DocketNumber: 325PA91
Judges: Mitchell, Frye, Webb, Whichard
Filed Date: 9/4/1992
Status: Precedential
Modified Date: 11/11/2024
concurring in result.
I respectfully disagree with the Court’s holding that the composite pictures in this case are not hearsay. I believe they are hearsay and, not falling within any recognized exception to the hearsay rule, should have been excluded as substantive evidence. I agree with the Court, however, that the admission of the composite pictures in this case did not prejudice defendant. I therefore concur in the result reached by the Court.
As a preliminary matter, I agree with the Court that the composite pictures were not properly authenticated, and therefore should not have been admitted into evidence for that reason. Having reached this conclusion, it seems unnecessary for the Court to even reach the issue of whether the composite pictures also should have been excluded as hearsay. Because the Court reached this issue, however, I must register my disagreement.
The Court errs, I believe, in its conclusion that the composite pictures are not “statements” or “assertions” within our Rules of Evidence. I cannot accept the Court’s adoption of the State’s argument that the composite pictures “are akin to a photograph, in that they are produced by mechanical procedures essentially
The threshold question is whether the sketches are “statements” within the meaning of Rule [of Evidence] 801(a): “A ‘statement’ is (1) an oral or written assertion or (2) nonverbal conduct of a person, if it is intended by him as an assertion.” The North Carolina Commentary to this definition of “statement” points out the seeming non-difficulty of interpretation of the first sub-part:
It can scarcely be doubted that an assertion made in words is intended by the declarant to be an assertion. Hence verbal assertions readily fall into the category of ‘statement.’
The State quotes Moskowitz, for the proposition that “the sketch itself, as distinguished from [the victims’] statements about it, need not fit an exception to the rule against hearsay because it is not a ‘statement’ and therefore can no more be ‘hearsay’ than a photograph identified by a witness.” [United States v. Moskowitz, 581 F.2d 14, 21 (2d cir.), cert. denied, 439 U.S. 871, 58 L. Ed. 2d 184 (1978)]. Reasoning from the language in the State Commentary to Rule 801(a)(1), we view a sketch as but a silent depiction or replication of “an assertion made in words” about a suspect’s corporeal appearance and thus a statement for purposes of the application of exclusionary Rule 802.

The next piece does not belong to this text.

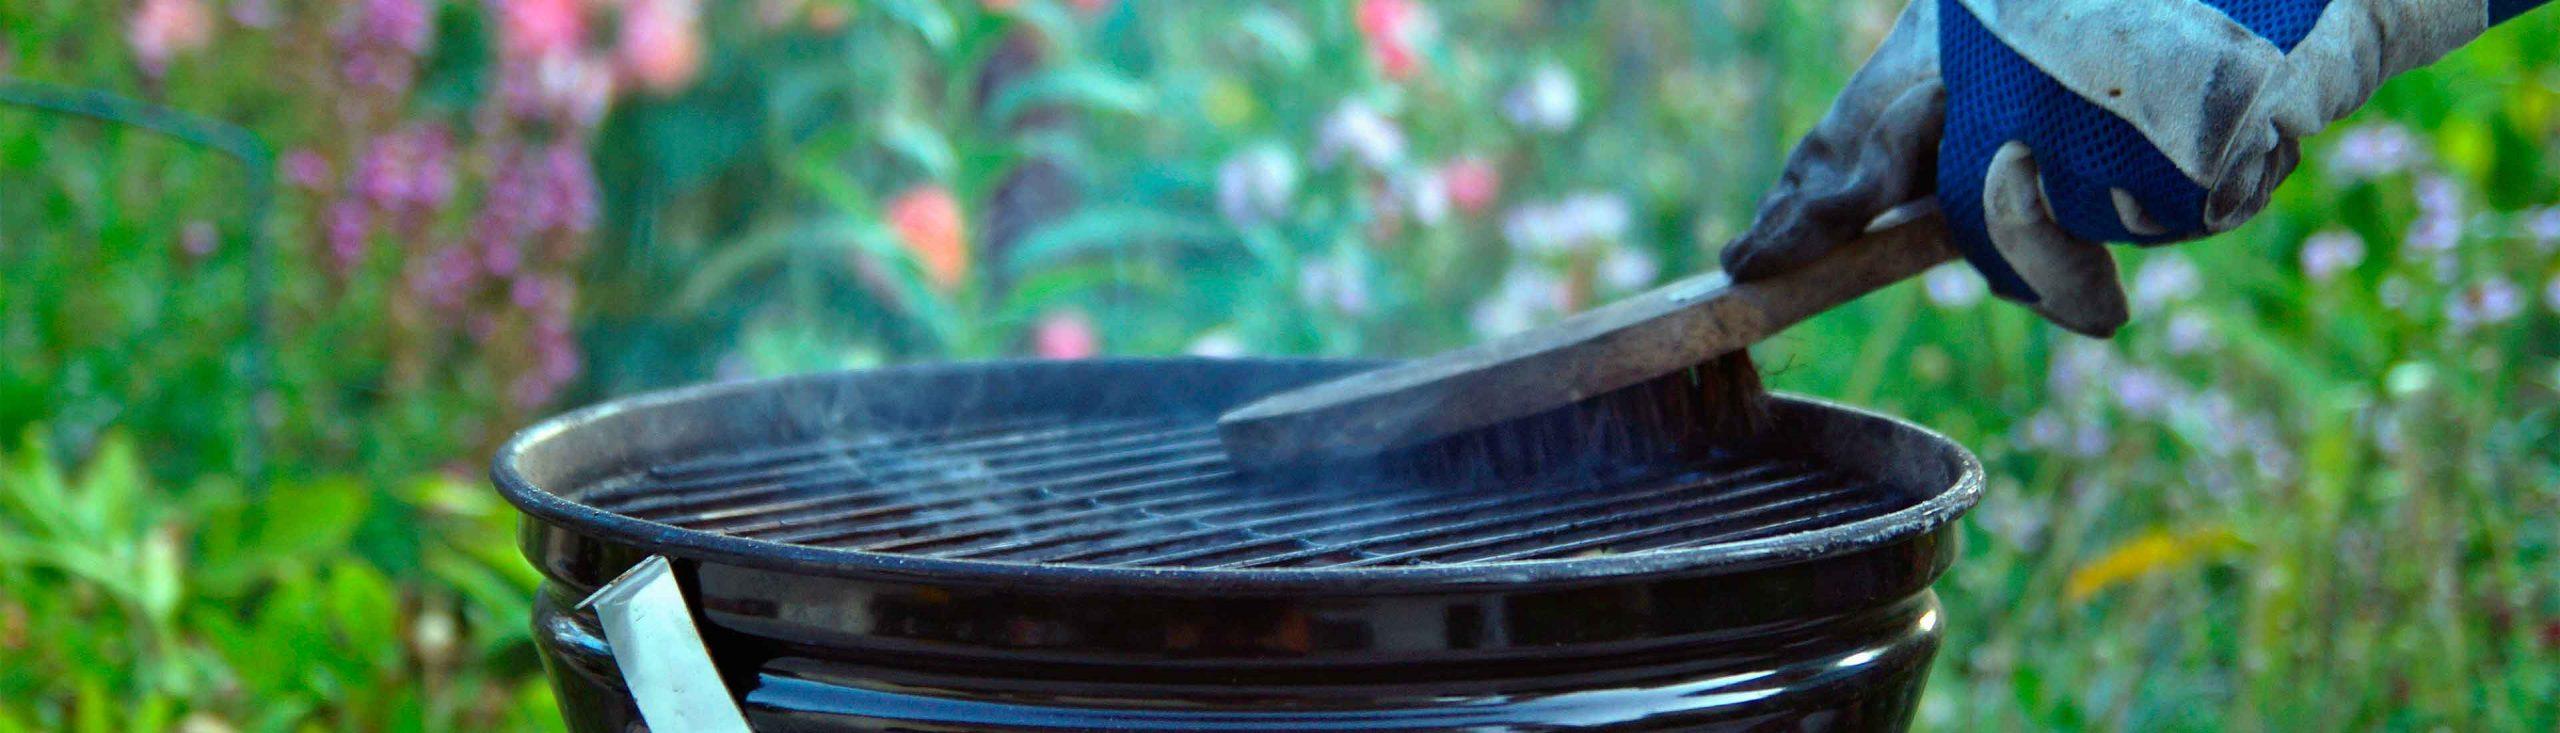 ¿Cómo limpio mi BBQ?: Claves para una limpieza perfecta

In the present case, absent any State rule parallel to the Federal Rule 801(d)(1) “escape hatch” from the hearsay rule for prior statements and prior identifications, this Court cannot say that a sketch based on oral assertions, and on oral assertions alone, is not a “statement” and, therefore, not subject to the hearsay rules, as a preliminary matter. In that sense, the composites here are not analogous to photographs because the sketches are not necessarily an “accurate” representation of what they in fact purport to show.
Under either a relevance analysis or a hearsay analysis, the sketches in this case were inadmissible. The relevance*424 of the sketches was not established because the witnesses who had seen the robbers did not testify at trial about the accuracy of the police composites. As “statements,” Rule 802 of the North Carolina Rules of Evidence requires their exclusion if offered as substantive evidence, because they do not come within a hearsay exception.

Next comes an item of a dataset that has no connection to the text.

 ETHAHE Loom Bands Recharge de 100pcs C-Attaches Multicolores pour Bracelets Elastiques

State v. Patterson, 103 N.C. App. 195, 203-205, 405 S.E.2d 200, 206-07 (1991); accord State v. Motta, 66 Haw. 254, 659 P.2d 745 (1983); Commonwealth v. Rothlisberger, 197 Pa. Super. 451, 178 A.2d 853 (1962).

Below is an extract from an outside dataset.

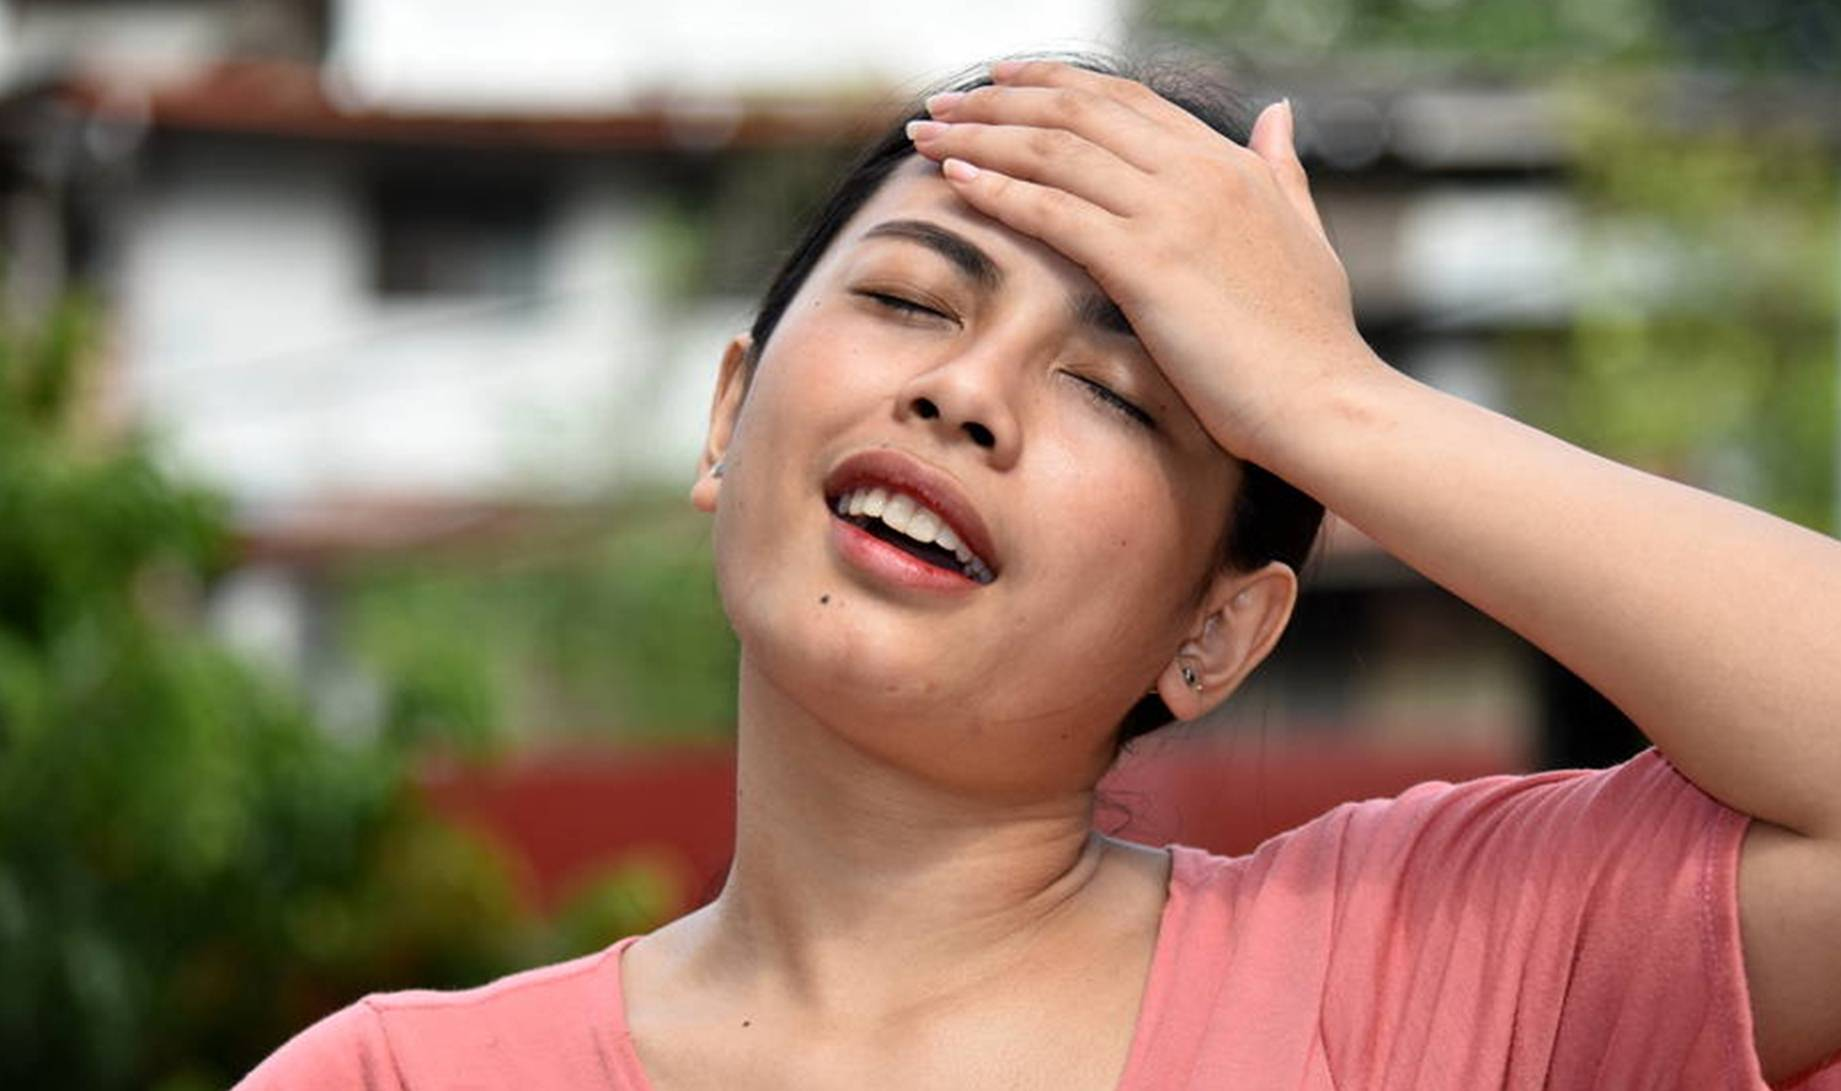 为什么有的女性一来月经就头痛?该如何预防?神经科医生告诉你

Put simply, it seems clear that had the police artist repeated the statements made to him by the eyewitnesses, these statements would be classified as hearsay. How, then, can the product of these statements — the composite pictures —be somehow transformed into nonhearsay? I don’t believe it can and thus am unable to join the Court’s opinion. I therefore concur only in the result reached by the Court.